Она тихо рассмеялась: «Высокое давление не у Джоуи, а у меня. Я страдаю ожирением, как вы, несомненно, заметили. Мой врач утверждает, что я не доживу до пятидесяти лет, если не сброшу в ближайшее время половину веса. "Вы же не родились толстой", — говорит он мне. На что я отвечаю, что толстой я прожила всю жизнь. Сердце, конечно, страдает от такой нагрузки, а что происходит с давлением, и сказать страшно. Но все мы уйдем так или иначе. Просто я уже выбрала способ, которым уйду. — Она провела пальцами вдоль сложенного правого крыла попугая. В ответ, не открывая глаз, Джоуи вытянул крыло. — Вот что привлекало меня в Кате. Она была из тех, кто сам делает выбор. Мне это очень нравится в людях. Вероятно, потому, что в моей семье все из поколения в поколение шли в ресторанный бизнес, не задумавшись хотя бы на минуту, что в жизни может быть что-то и помимо ресторана. А вот Катя думала. Она думала и выбирала, а не шла проторенной тропой».
«Восточная Германия, — подсказал я. — Побег на воздушном шаре».
«Да. Это самый наглядный пример. Побег на воздушном шаре и то, как она его устроила».
«Только она не сама устраивала воздушный шар, по крайней мере, мне так говорили».
«Верно, она не сама его сделала. Я имела в виду то, как она устроила побег. Ей пришлось убеждать Ханнеса Гертеля взять ее с собой. Она практически шантажировала его, если верить тому, что она мне рассказывала, а я не вижу причин не верить, ведь хвастаться тут нечем. Но пусть в ее действиях было мало благородства, зато решительности Кате не занимать. Гертель был крупным мужчиной, шести футов и трех или четырех дюймов, он мог причинить ей физический вред, мог бы убить ее и перелететь через стену, и кто бы нашел его после этого? Но она не побоялась пойти к нему, и угрожать, и настоять на своем. Она взвесила все за и против, просчитала риск и решилась. Вот как сильно она хотела жить по-своему».
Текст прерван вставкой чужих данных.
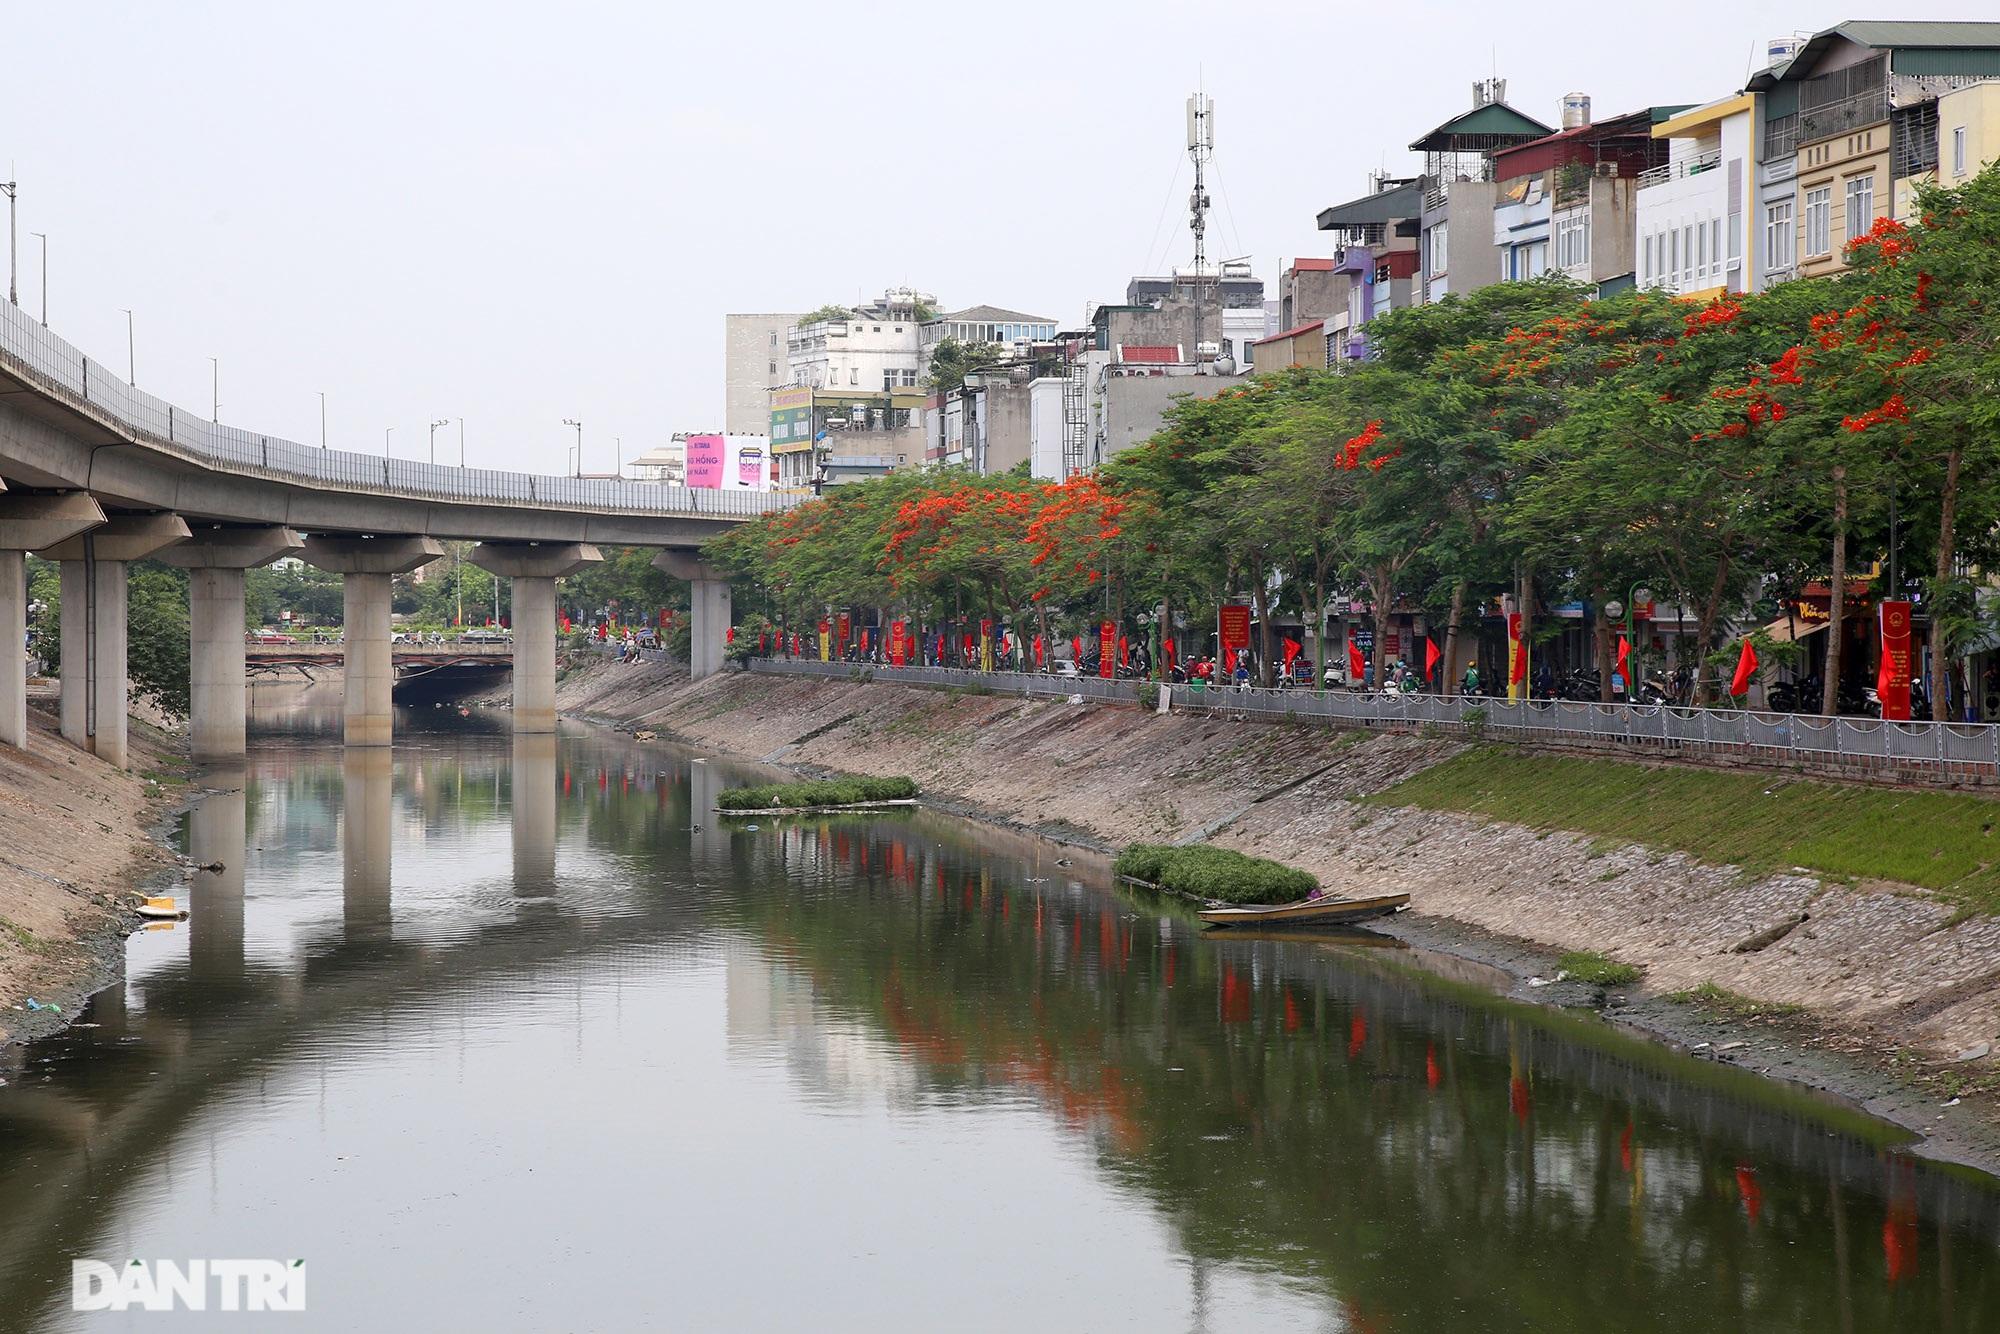 Mùa hoa phượng vĩ bắt đầu nở đẹp khắp phố phường Hà Nội - 14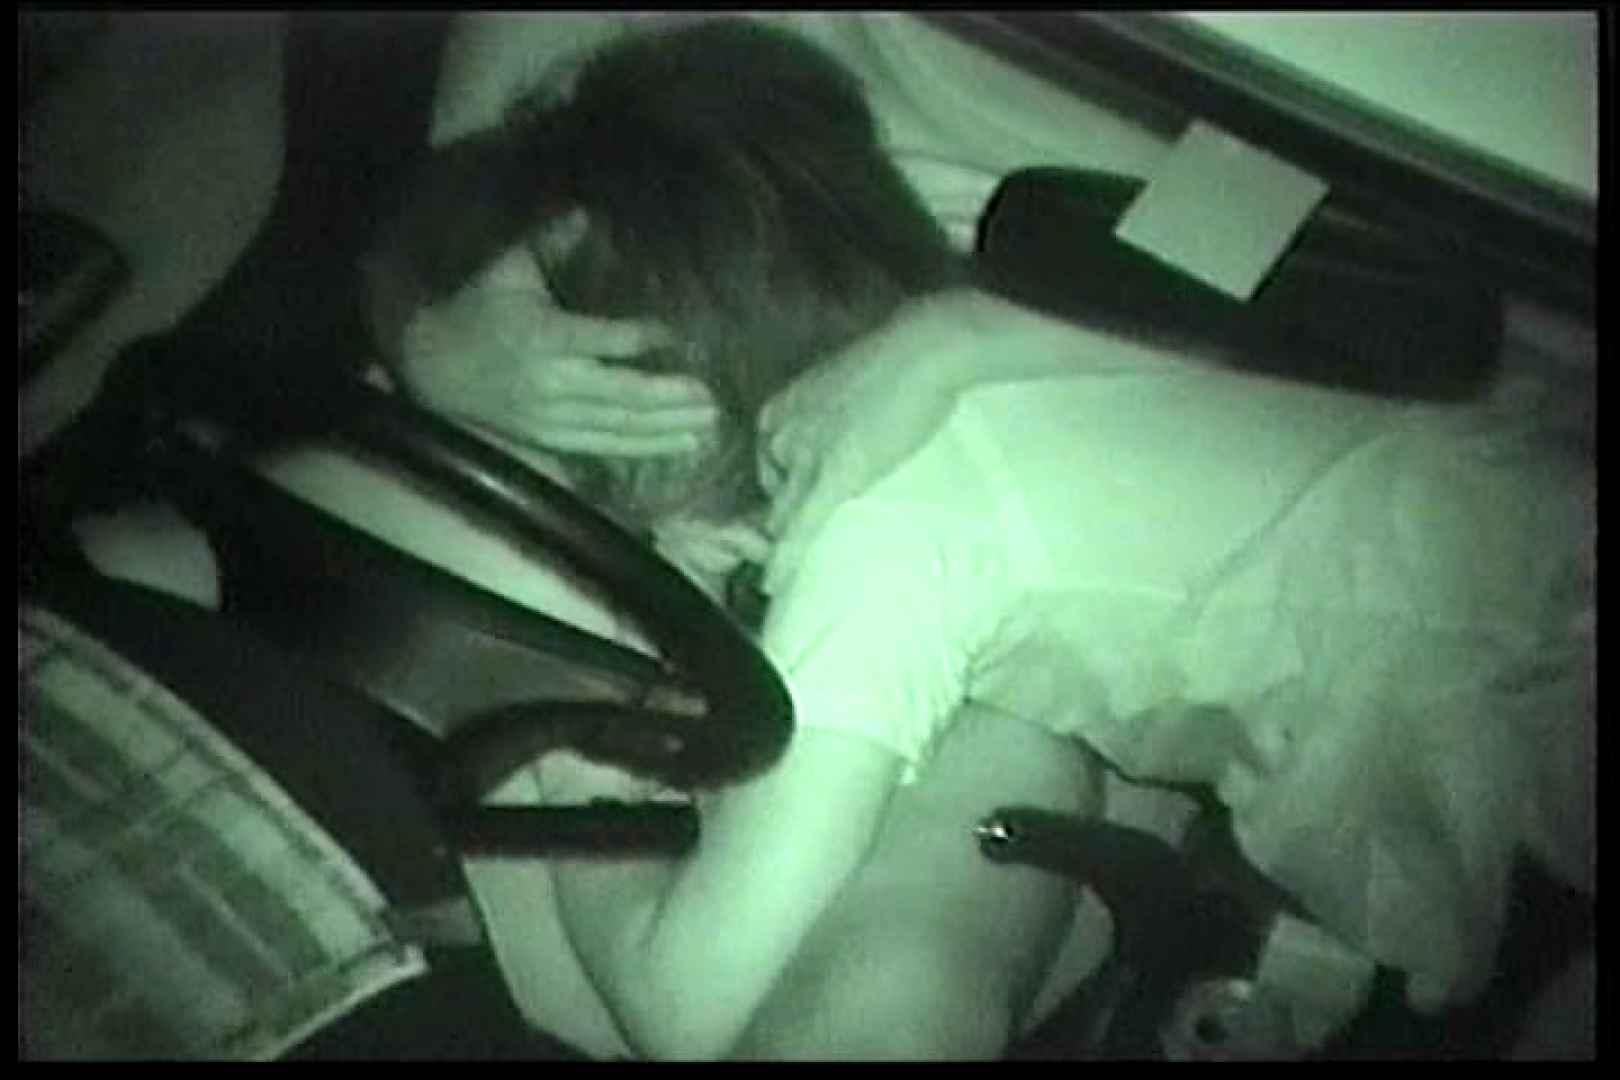 車の中はラブホテル 無修正版  Vol.11 すけべなOL ヌード画像 86画像 58

«А в чем состояла угроза?»
Кэти занялась вторым крылом Джоуи, которое тот шустро ей подставил. Из клетки за сеансом массажа искоса наблюдала вторая птичка, мигая блестящими глазами и прыгая по жердочке. «Она сказала ему, что расскажет о его планах властям, если он не возьмет ее с собой».
«Газетчики не докопались до этой истории, насколько я понимаю».
«По-моему, я единственный человек, кому Катя рассказывала об этом, причем не отдавая себе в этом отчета. Дело в том, что мы обе выпили в тот раз, а когда Катя пьянела — что случалось нечасто, заметьте, — она могла сказать и сделать что-то и напрочь забыть об этом к следующему утру. После того случая я никогда не упоминала при ней о Ханнесе, но в душе восхищалась ею. По этой истории мы можем судить, как далеко она готова была пойти ради достижения цели. Мне тоже пришлось преодолеть много трудностей. — Она обвела взглядом кабинет и, вероятно, мысленным взором окинула всю клинику, столь далеко отстоящую от ресторанного бизнеса ее родни. — Так что в каком-то смысле мы сестры».